Autumn Equinox

I happened to be in Salt Lake City during the equinox, where I learned that Utah has outlawed a lot of things. One random example: Happy Hour. Probably Utah also prohibits human sacrifices during equinox celebrations – I didn’t even bother to ask.

So aside from weird rules what else is there in Salt Lake City? Mountains. As my many readers know, I love to photograph interesting celestial events. So I went for a hike to get this equinox sunset:

Salt Lake City autumn equinox, 7500′ ASL

These foothills can be deceptive. I parked at one between the Big and Little Cottonwood Canyons and began to climb straight towards a peak. The first few hundred feet was fine gravel, so I had to kind of scamper from weed to weed to avoid sinking and sliding back. Then I reached sturdier ground which supports thickets of shrub-like oak trees. Those obstruct the view of what’s above, so I couldn’t be certain whether I had a good path ahead. I did eventually run into a trail bearing human footprints (though I saw no one else the entire hike). The trail wound back and forth between rocks and trees, and it was still very strenuous: When I got back I checked a topographic map and found that the straight-line route I followed from 5500 to 7500 feet averaged a 45 degree slope!

Perseid Meteors

Perseid Meteors, composite image by David Bookstaber
Perseid meteors. That’s Jupiter near the middle of the frame.

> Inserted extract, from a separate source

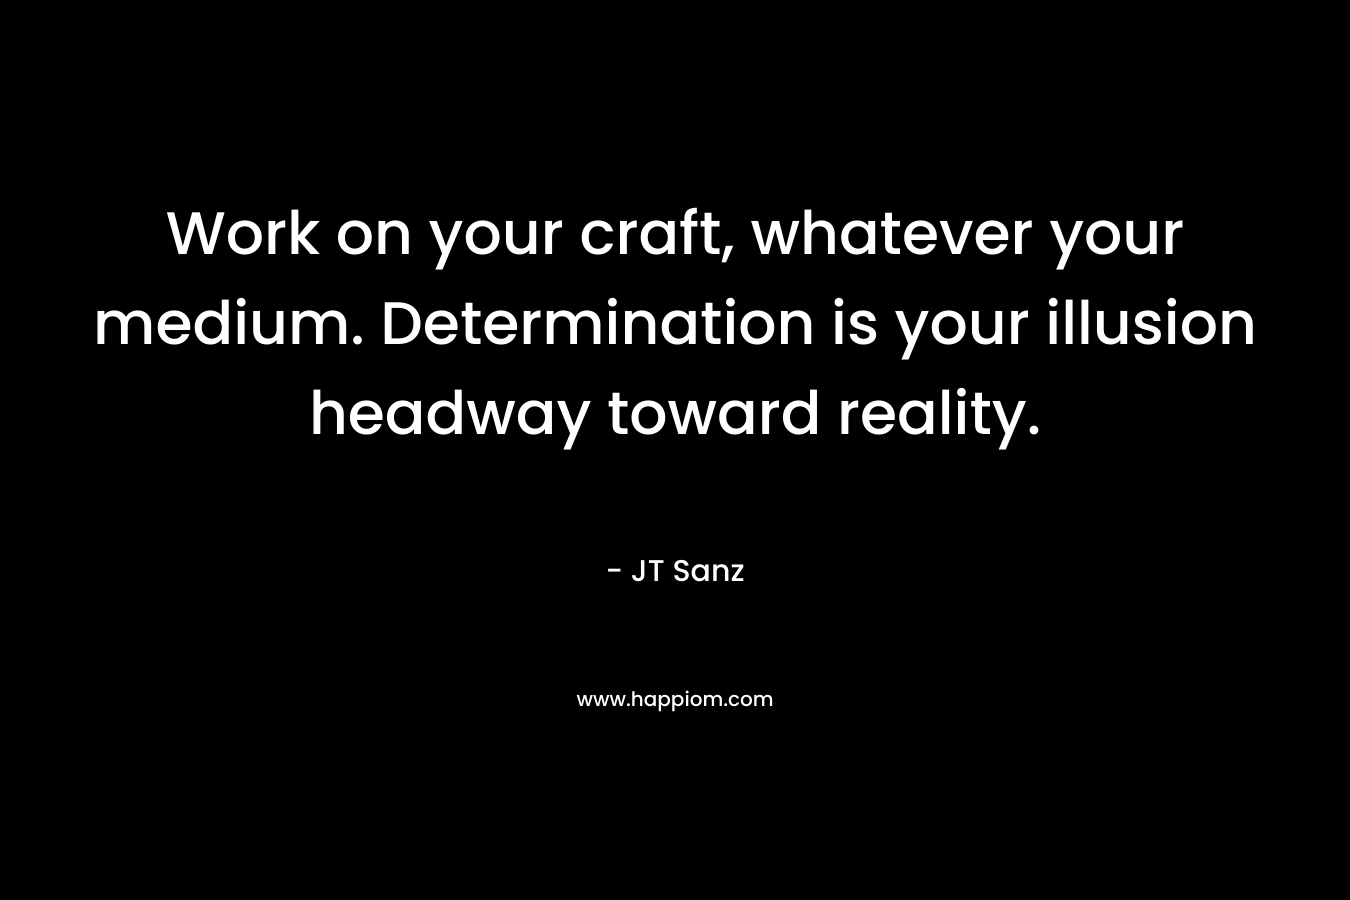 Work on your craft, whatever your medium. Determination is your illusion headway toward reality.

I set up my old Sony A77II with an intervalometer for an hour and managed to capture these Perseid meteors. I was using my widest lens, 16mm, shooting ISO 1600 with 10 second exposures. It took some real work to post-process and compose this image: I had to find the frames with meteors and stack and align them in Photoshop. The result is nothing great for several reasons, including that (a) meteor shower photos should use a wider lens, and (b) should include a horizon or some ground feature for perspective.

It’s easier to get better results using a smartphone, not only because a typical smartphone has a very wide lens, but also because software can take care of identifying frames that contain meteors and aligning them. After the fact I checked the app store and found at least one cheap app that does this with a built-in “Meteor Mode.”

Shooting the Moon

Waxing crescent moon shot with Nikon D3100, 500mm f/8 manual focus, 1/15 second at ISO 800

Last year I got a reasonably sharp photo of a full moon with a Nikon D7200 using the $500 Nikkor 18-300mm zoom lens at f/6.3, 1/160 second, ISO 160. This month I pulled out an old Nikon D3100 and a $100 catadioptric 500mm f/8 lens for a bigger challenge: The cheaper lens really falls short in terms of sharpness. Here is the best I could do with each lens (the more recent shot on the right is colored by atmospheric smoke from western wildfires):

But right now there are some interesting astronomical phenomena: Mars is near its closest approach to earth and is visible to the naked eye. Here the moon passes about one degree below the red plant (top left):

Mars, top left

I turned the camera on Jupiter, which is presently close to Saturn and very prominent in the night sky. With the same lens, shooting 1/2 second at ISO 800, I get the following photo showing all four Galilean moons:

Jupiter and moons Ganymede, Io, Europa (all left of the planet) and Callisto (far right)

I saw a Starlink satellite train!

Last night after sundown I happened to be outside looking up at the waxing gibbous moon when I saw a satellite zipping near it in low earth orbit. And not far behind it another. And another – all spaced roughly 15 seconds (travel time, north to south) apart on the same orbit. They kept coming in what appeared to be an unbroken chain, and I could clearly see six to seven of them at a time. That’s an astonishingly dense satellite network, so it made me wonder if it was part of the astonishingly large LEO satellite network being built by Starlink.

Today I tried to confirm what satellites I could have been seeing, and it looks like there was indeed a Starlink train passing overhead at that time. The reason they were so close together is that Starlink satellites are launched 60 at a time in “trains” that gradually spread to the network’s operational altitude and separation. I must have spotted this one near the beginning of its transit of my location.